Pero hay todavía otra razón que hace que me cause pavor la sola idea de que una bala mortal vaya a hacer blanco en mi cuerpo —y esa idea nos asalta aquí con frecuencia en las horas dedicadas a la reflexión—. Vivimos tan hondamente sumidos en la guerra que se nos ha vuelto del todo inimaginable la paz. Esta guerra es como una selva virgen que desde hace años nos tiene sometidos, cada vez con mayor fuerza, a su oscuro hechizo, de manera que empezamos a dudar que más allá de sus lindes exista algo. Si en este momento muriese, sería como si me arrancasen de una partida emocionante en la que se juegan apuestas enormes.
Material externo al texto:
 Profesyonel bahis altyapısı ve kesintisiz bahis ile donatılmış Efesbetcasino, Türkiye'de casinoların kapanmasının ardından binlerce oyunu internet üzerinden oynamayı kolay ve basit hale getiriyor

Precisamente ahora parece que hemos entrado en una nueva y curiosa fase de la guerra. A nuestras espaldas quedan las luchas formidables de la primavera pasada; la batalla de material alcanzó entonces una cima que muy difícilmente será superada. A aquellas fatigas ha seguido una extenuación que contrasta de un modo extraño con las masas enormes de material que se utilizan, cuyos horrores dominan el campo de batalla con una monotonía cada vez mayor. Se dice que han aparecido síntomas de descomposición en los lugares de descanso de los soldados y también entre las tropas que vuelven de la patria o del frente oriental; eso es algo que no puede extrañar a quien conozca por experiencia propia la conexión existente entre la voluntad de atacar y la salud, entre la agilidad corporal y la perspectiva de un desenlace feliz.
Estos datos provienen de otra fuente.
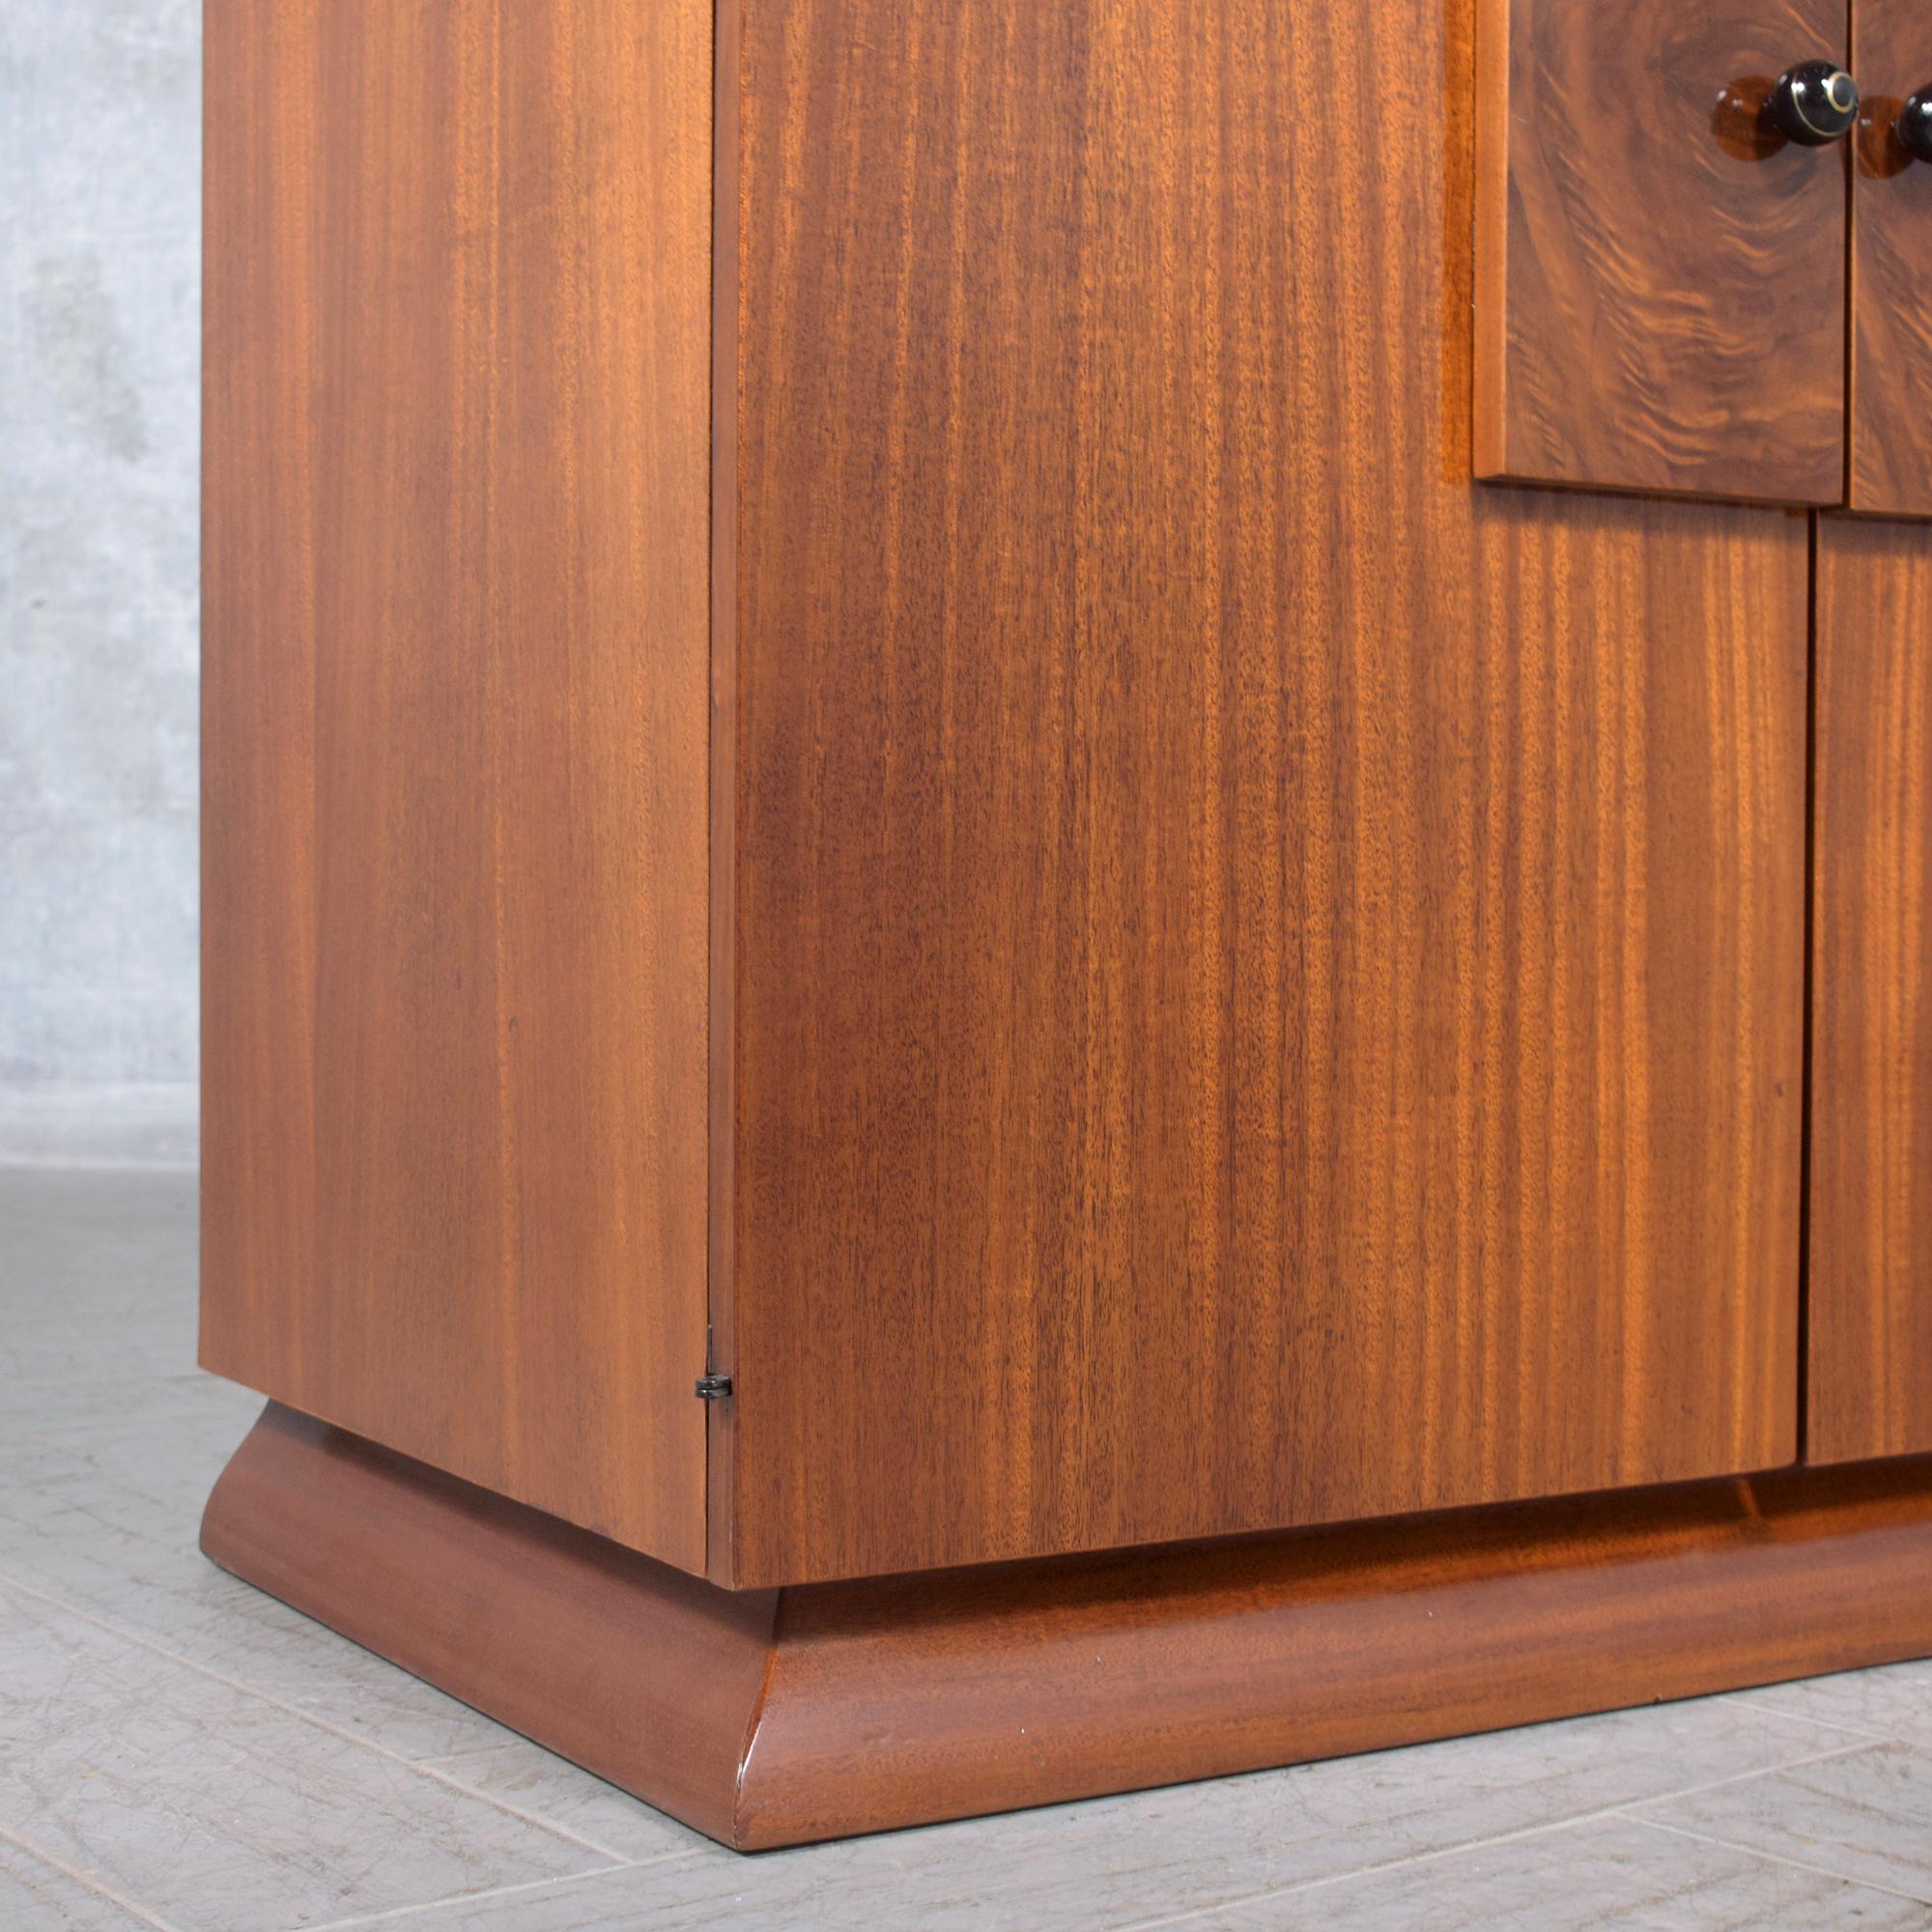 Restored Vintage Mid-Century Wood Cabinet with Burl Door Details 2

El regimiento al que pertenezco está compuesto casi exclusivamente de hombres jóvenes, miembros todos ellos de una misma etnia de nuestro pueblo; la tenaz pesadez de sus movimientos parece hecha a propósito para resistir hasta el último momento en la batalla de material. La descomposición se manifiesta aquí de otra forma. Los hombres siguen luchando con la misma fiabilidad de antes, pero ya no aguardan nada, incluso diría que carecen de esperanzas, y si luchan es por puro deber. Lo que principalmente resalta es aquello que la guerra tiene de oficio. Cabe observar una cierta laxitud en el modo de hablar y de comportarse de los hombres, una laxitud que se extiende incluso al estilo con que mueren. Un grupo de viejos guerreros de las trincheras acurrucado junto a un través soleado, charlando con frases breves en las que se resumen las vivencias comunes tenidas durante largos años, un grupo como ése forma una unidad tan prieta que más tarde será difícil formarse una idea del espíritu que la animaba.